TASK DIRECTIONS:
Only the lines from the one with "Cleopatra Kris Mari" through the end of the material are wanted, copied exactly and with the pictures left out.

RAW DATA:
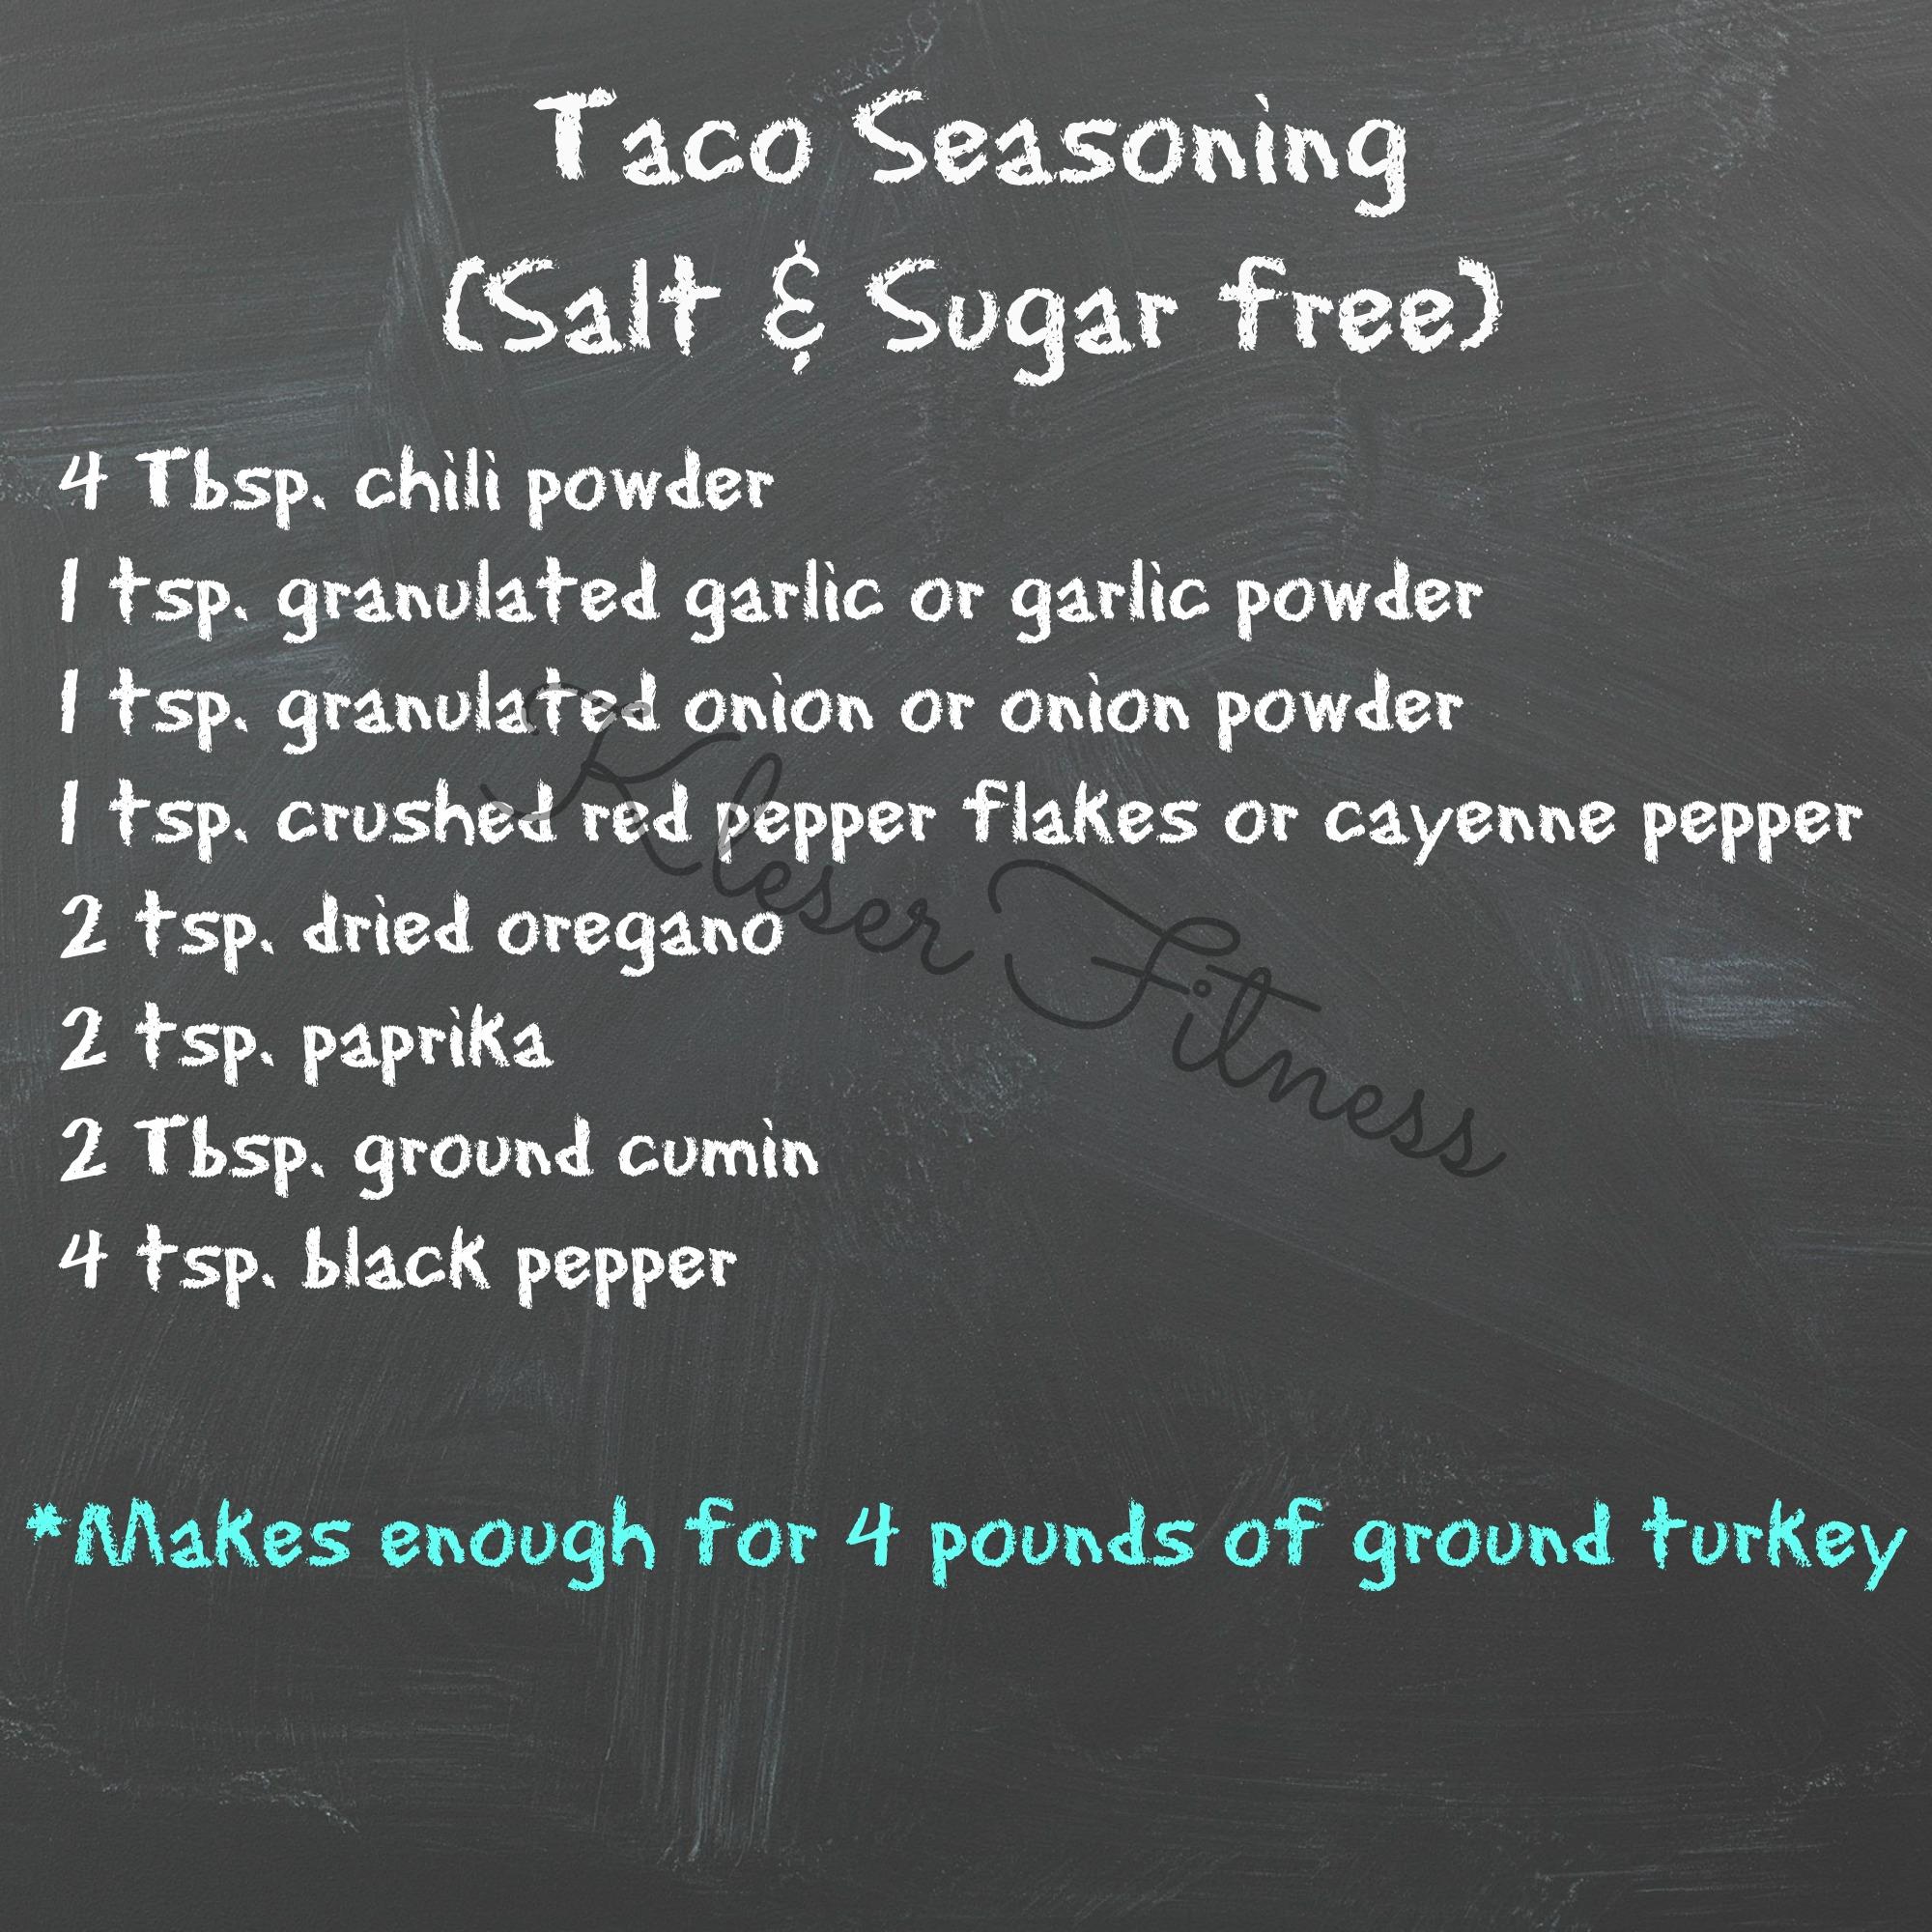 Taco Seasoning.jpg
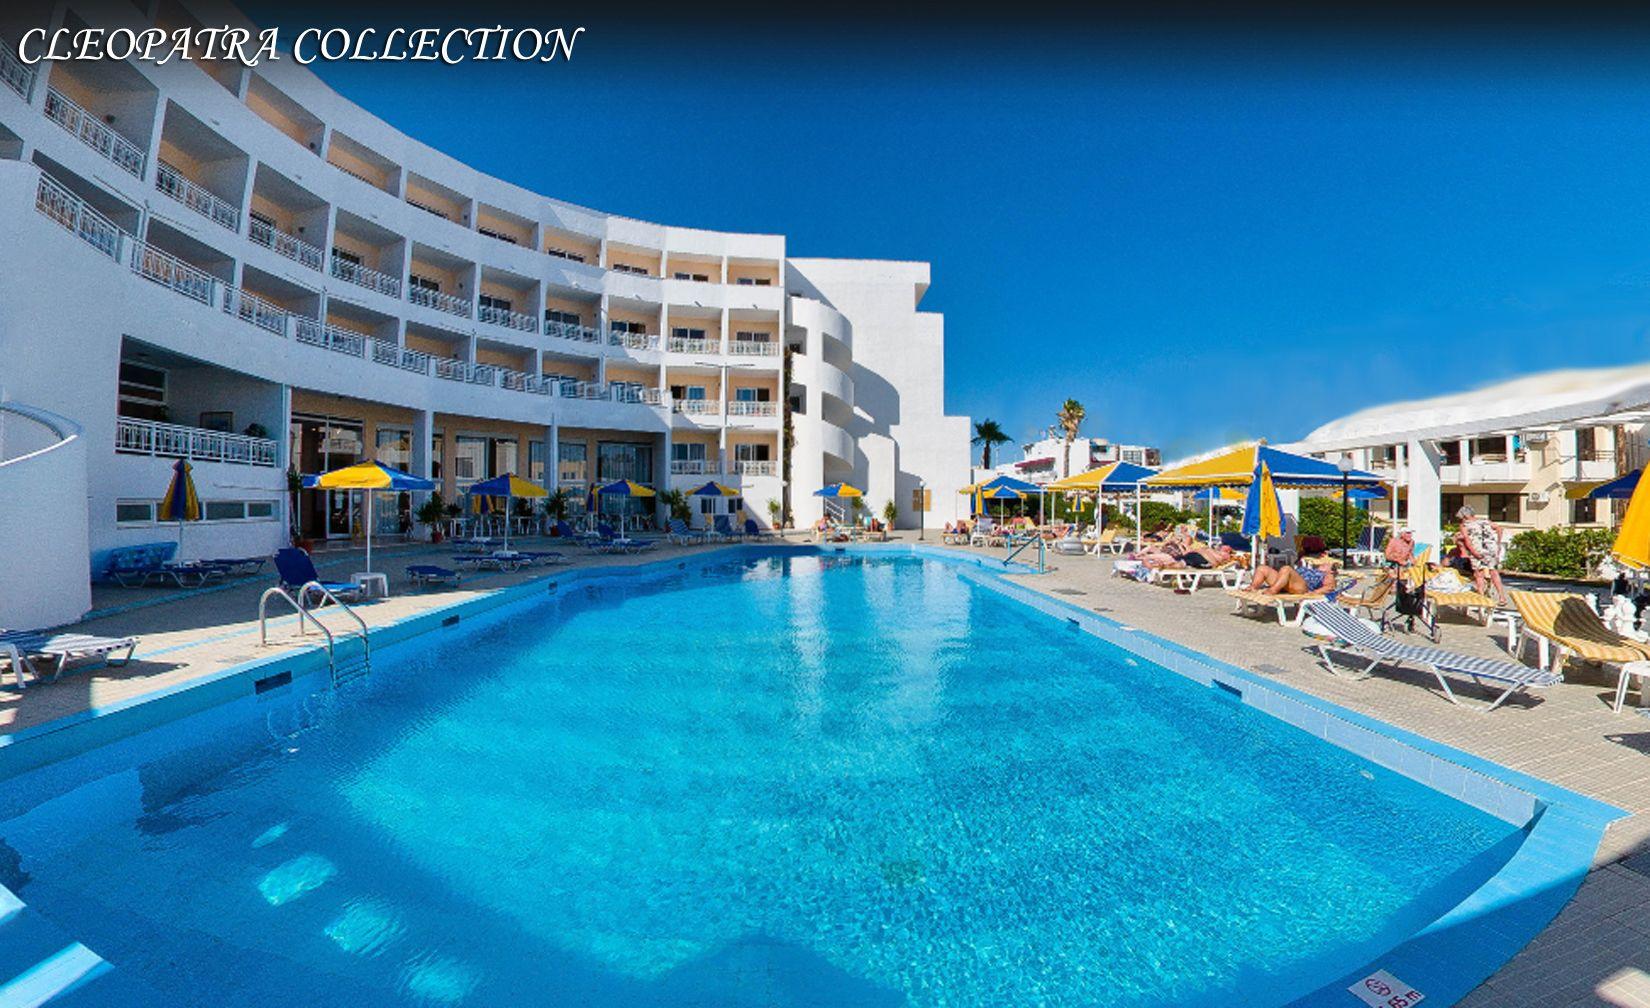 Cleopatra Kris Mari Hotel - Καρδάμαινα, Κως ✦ 2 Ημέρες (1 Διανυκτέρευση) ✦ 2 άτομα ✦ Πρωινό ✦ 01/07/2021 έως 31/08/2021 ✦ Κοντά σε Παραλία!
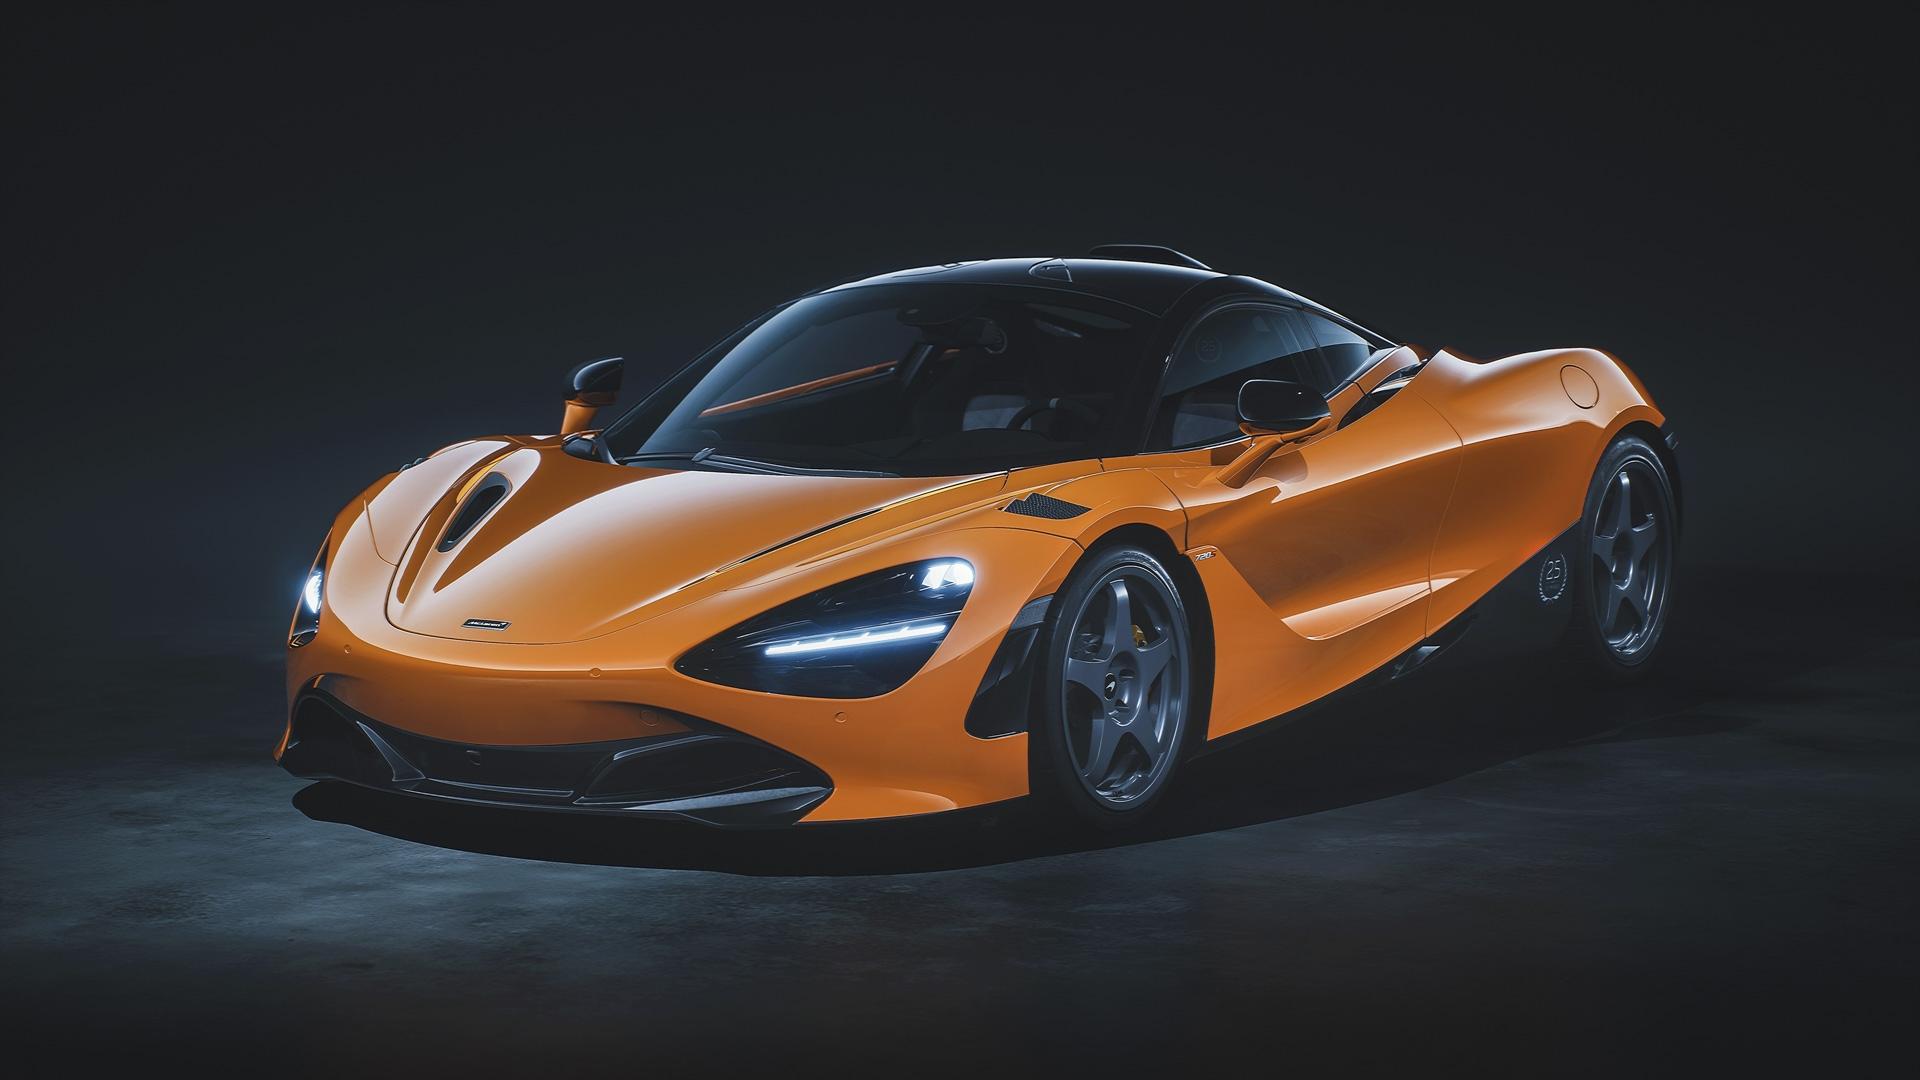 McLaren 720S Le Mans: 50 Cars Worldwide to Celebrate Le Mans Victory

ANSWER TO THIS TASK:
 Cleopatra Kris Mari Hotel - Καρδάμαινα, Κως ✦ 2 Ημέρες (1 Διανυκτέρευση) ✦ 2 άτομα ✦ Πρωινό ✦ 01/07/2021 έως 31/08/2021 ✦ Κοντά σε Παραλία!
 McLaren 720S Le Mans: 50 Cars Worldwide to Celebrate Le Mans Victory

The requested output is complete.